Doch nicht alle haben wie Polina im zweiten Anlauf Glück: Wohnungs- und Obdachlosigkeit sind auch in Österreich keine Seltenheit. Als wohnungslos zählen Menschen, die vorübergehend bei Freunden oder in Einrichtungen, wie zum Beispiel in Unterkünften der Wohnungslosenhilfe, leben. Obdachlos sind hingegen jene, die auf öffentlichen Plätzen leben oder in Notfallquartieren untergebracht werden.

2018 zählte die Statistik Austria circa 22.740 als obdachlos bzw. wohnungslos registrierte Menschen – die Dunkelziffer dürfte weit höher sein. Rund 46 Prozent davon wurden im Ausland geboren. Zum Vergleich haben insgesamt 18 Prozent der österreichischen Bevölkerung einen ausländischen Geburtsort. Dafür gibt es in Wien soziale Auffangnetze, auf die aber nicht jeder den gleichen Anspruch hat. Viele Hilfsprojekte für obdachlose Menschen laufen nämlich über den Fonds Soziales Wien, auf den jene Personen Anspruch haben, die österreichischen Staatsbürgern gleichgestellt sind. Für Drittstaatenbürger gilt das grundsätzlich erst mit dem Daueraufenthalt, also nach fünf Jahren. Für EU-Bürger wird es schwierig, wenn sie keine längerfristige Anstellung in Österreich vorweisen können.

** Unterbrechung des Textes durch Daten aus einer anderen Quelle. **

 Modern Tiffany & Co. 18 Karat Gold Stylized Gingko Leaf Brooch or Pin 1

Um diese Lücke zu schließen, gibt es Institutionen wie die Zweite Gruft in Wien. Dort wird momentan bis zu 66 Männern, die sonst keinen Anspruch auf Sozialhilfe haben, ein Notquartier geboten. Daher finanziert sich das Projekt ausschließlich über Spenden.

Immobilienkauf möglich, aber unrealistisch

Am anderen Ende des Spektrums der Probleme, die man hinsichtlich Wohnen haben kann, liegt der Immobilienerwerb. Dieser ist in Österreich prinzipiell allen Personen möglich. Menschen, die im Ausland geboren wurden, leben aber deutlich häufiger in Mietwohnungen. 2020 gab die Statistik Austria bekannt, dass Personen mit ausländischem Geburtsort zu 73 Prozent in Mietwohnungen leben, während es bei Österreichern ohne Migrationshintergrund 34 Prozent sind.

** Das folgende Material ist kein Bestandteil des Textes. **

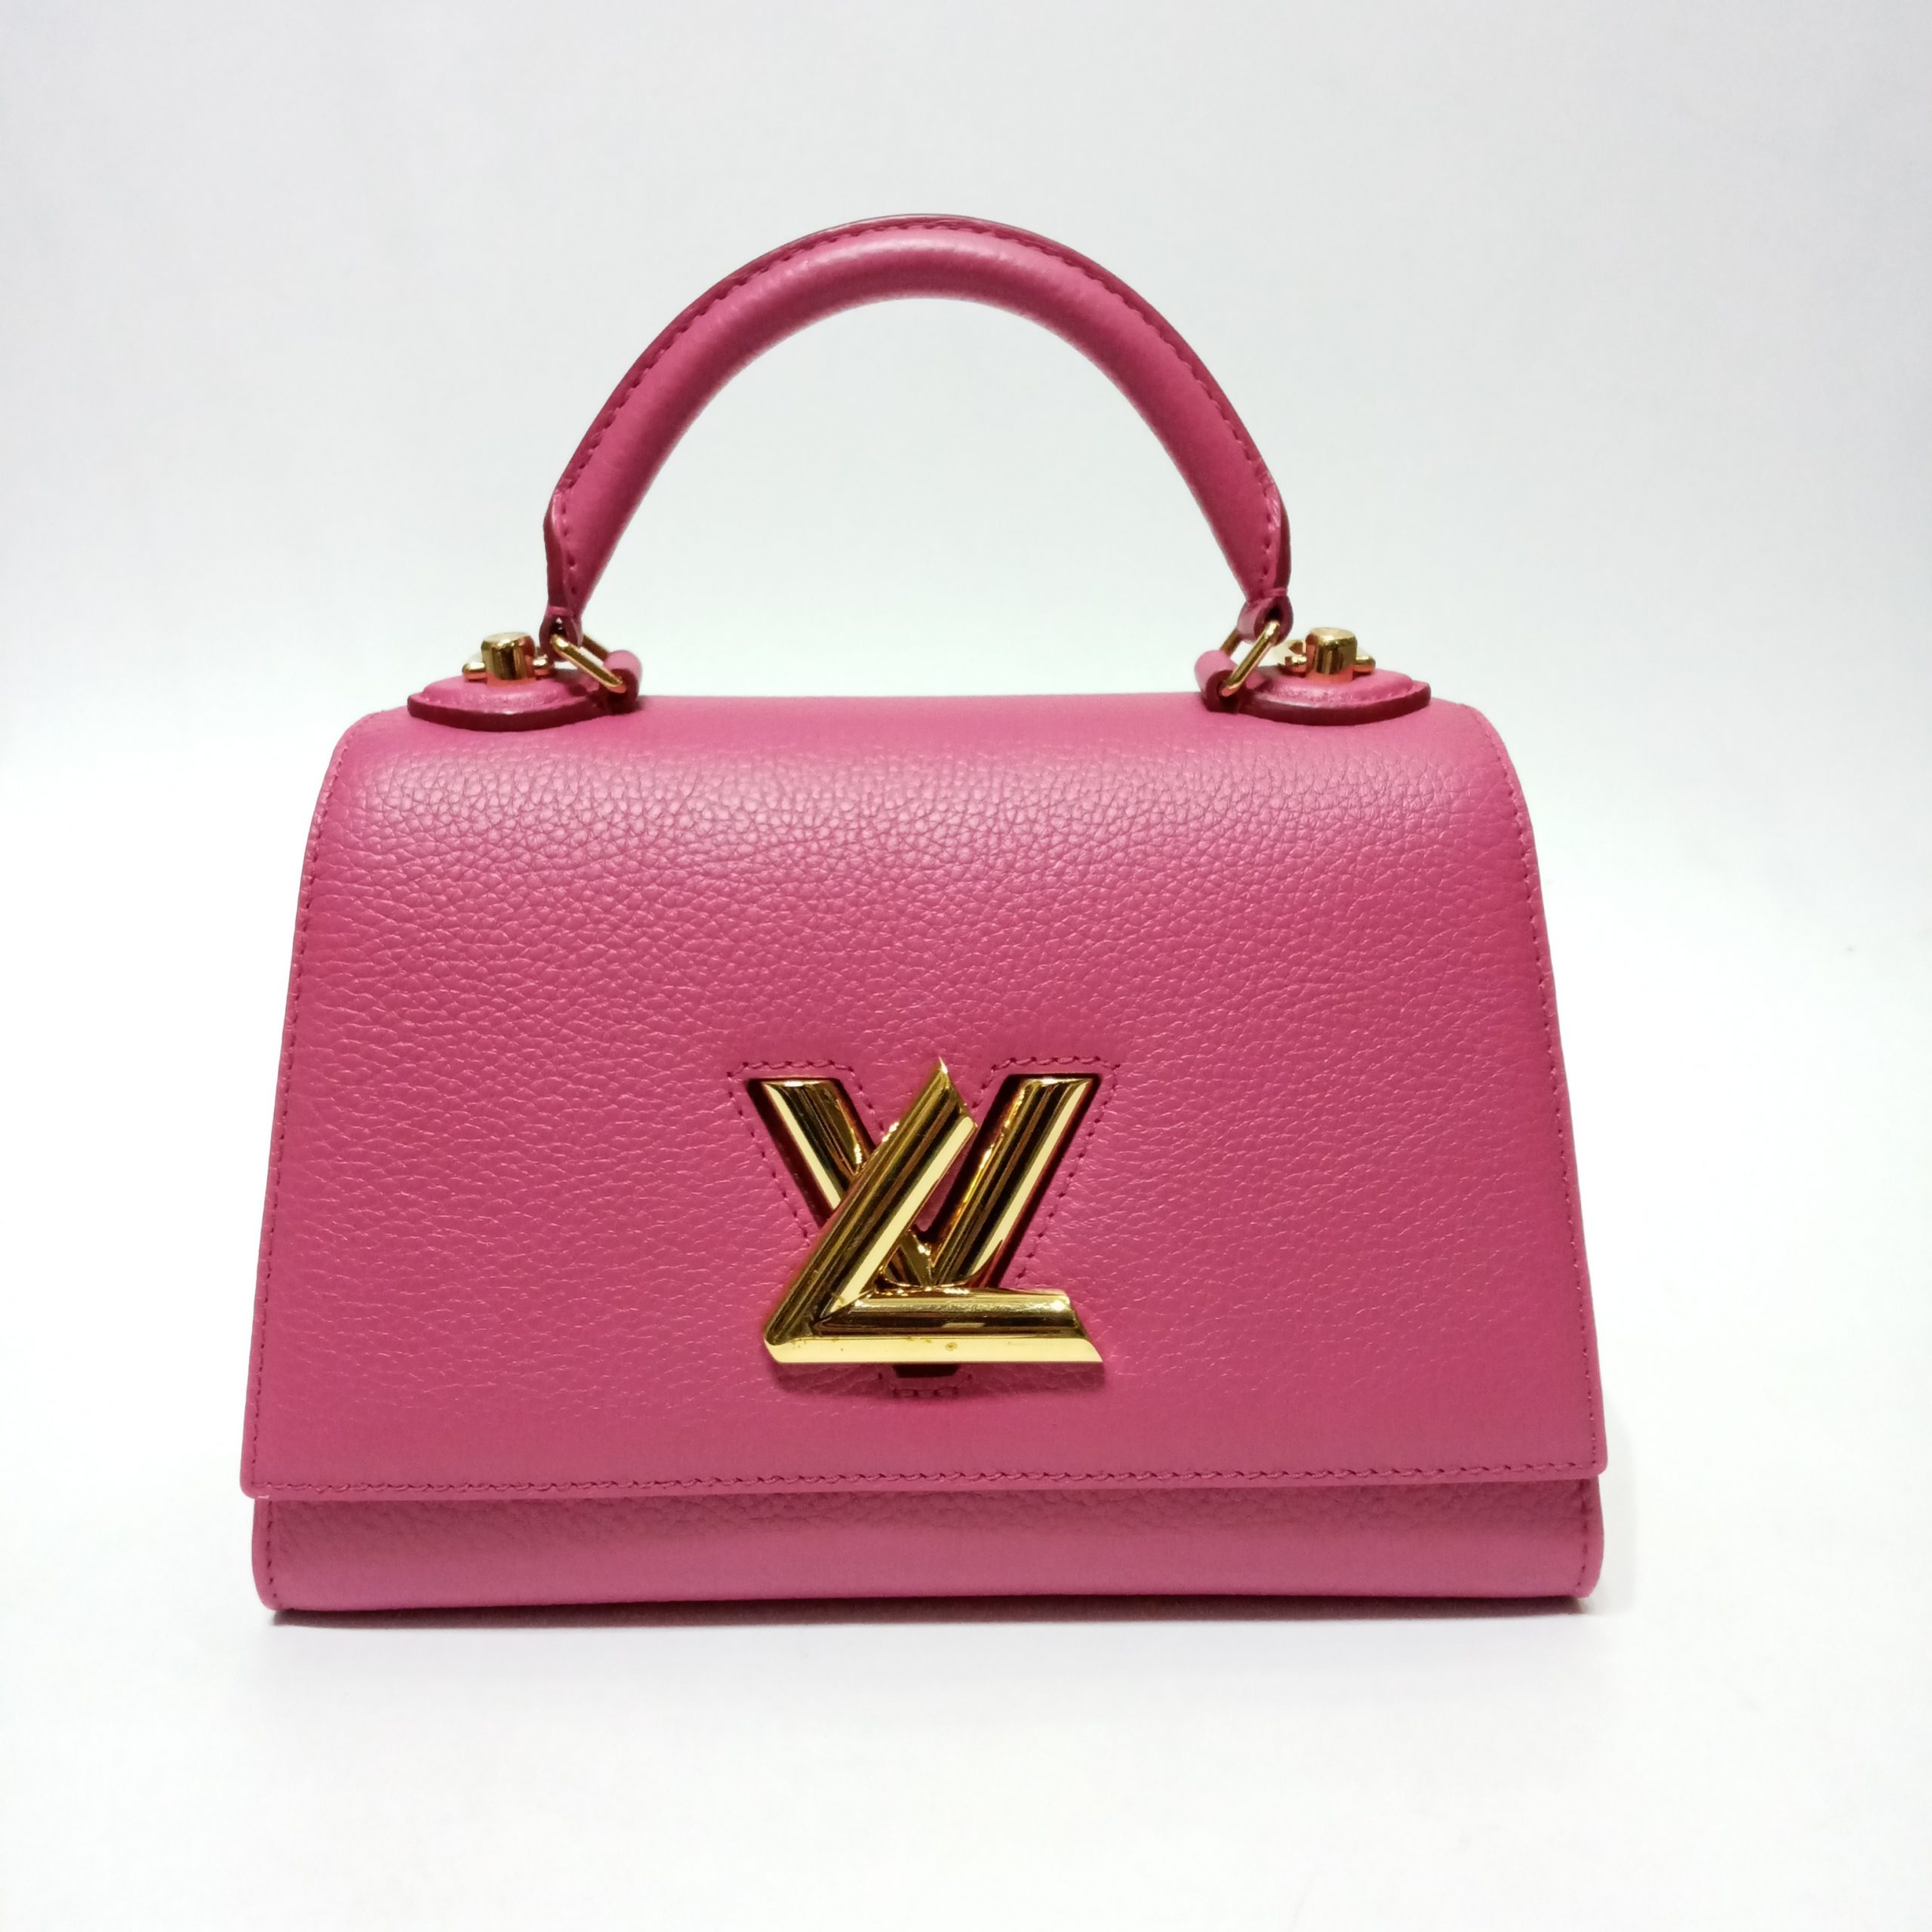 Louisvuitton Twist PM, Pink, One Size

Für den Kauf müssen Drittstaatenbürger in Wien eine Genehmigung nach dem Ausländergrunderwerbsgesetz beantragen. Mit der Dauer des Aufenthalts steigt auch die Wahrscheinlichkeit, dass Zugewanderte in eigenes Eigentum investieren. Ohne vorher zumindest einen dauerhaften Aufenthaltstitel zu haben, würden sie jedoch ein gewisses Risiko eingehen.

Weder für Clemens noch für Polina steht ein Wohnungskauf im Raum. Nach dem Studium will Polina aber im Land bleiben: „Ob es sich mit dem ganzen Papierzeug ausgeht, ist eine andere Frage“, sagt sie. Denn nach ihrem Abschluss ändert sich ihr Aufenthaltsstatus: Aus dem Studentenvisum muss eine Rot-Weiß-Rot-Karte werden, für die sie wiederum neue Bedingungen erfüllen muss.

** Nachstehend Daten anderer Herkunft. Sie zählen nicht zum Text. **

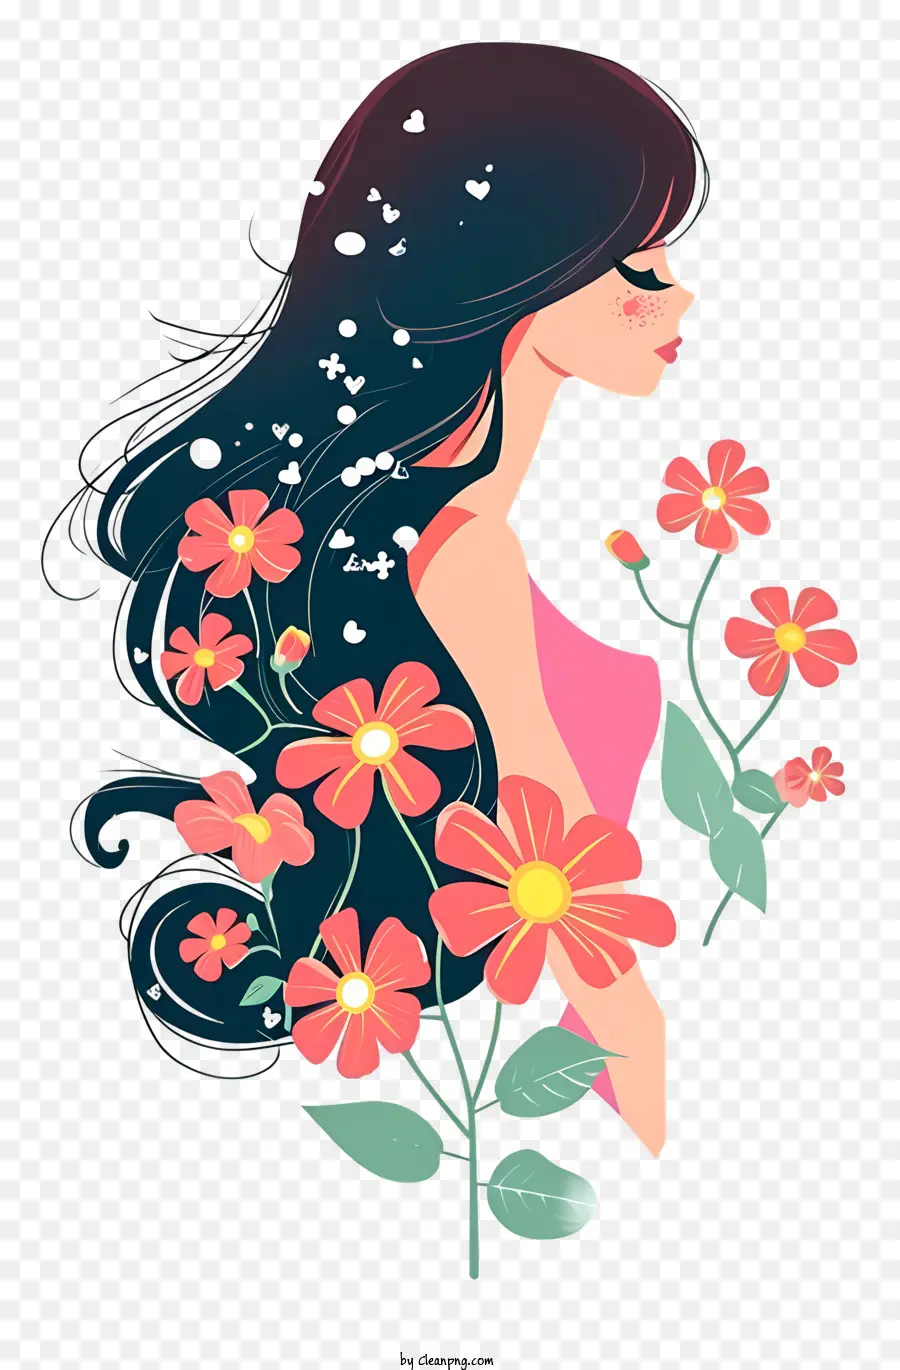 donna e fiori semplicistici arte vettoriale beauty capelli lunghi capelli neri sorridenti - Serenità e bellezza in un paesaggio floreale
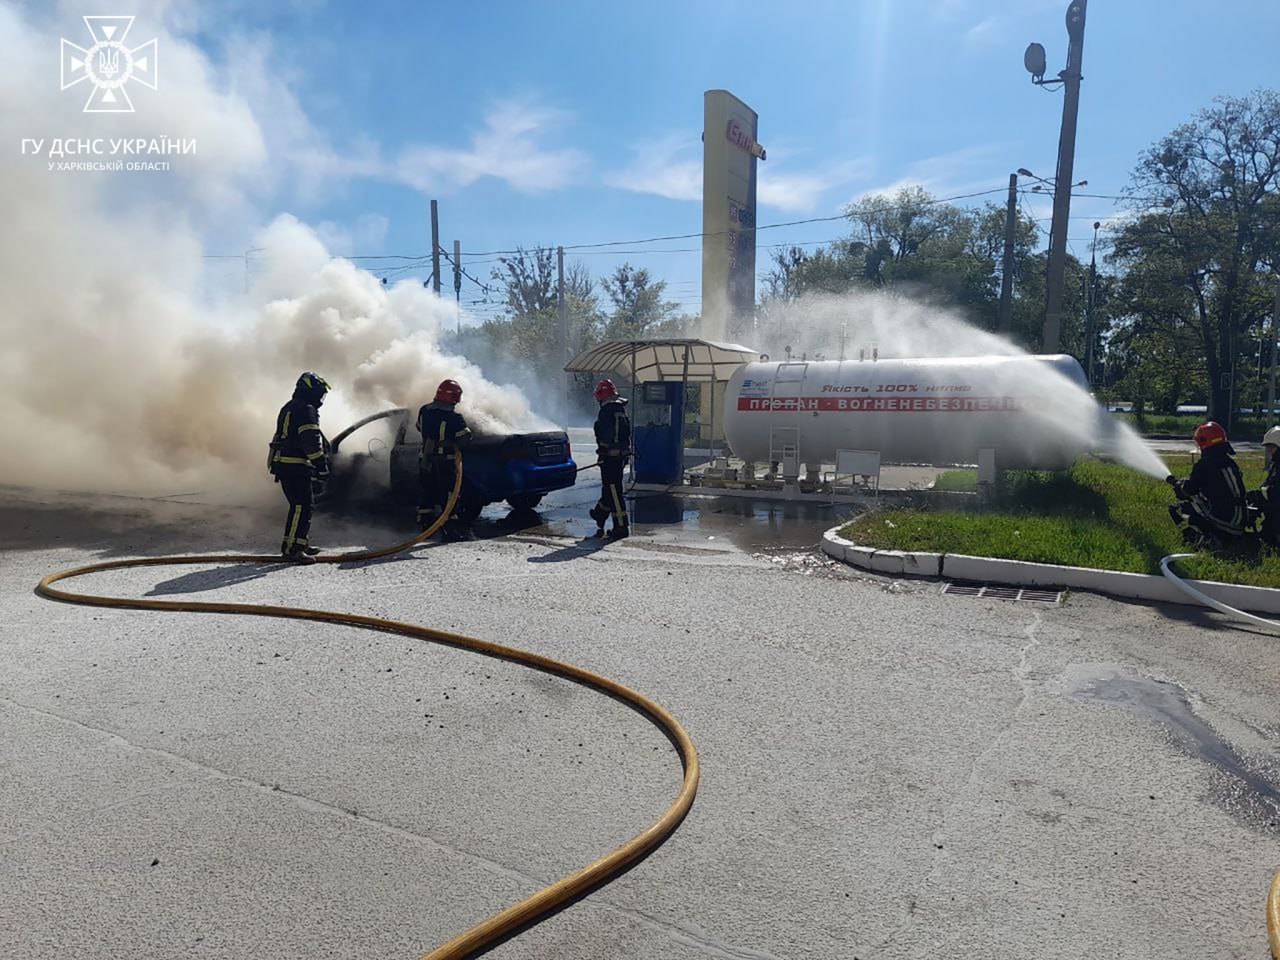  Пожар на АЗС в Харькове во время заправки газом 2

Die Familie von Clemens ist mittlerweile nach Spanien gezogen. Er selbst pendelt zwischen Madrid und Wien, wo er nach wie vor im Haus seiner Mutter lebt. Dieses soll jedoch bald verkauft werden. Ob sie danach erneut versuchen werden, eine private Wohnung in Wien zu finden, ist ungewiss.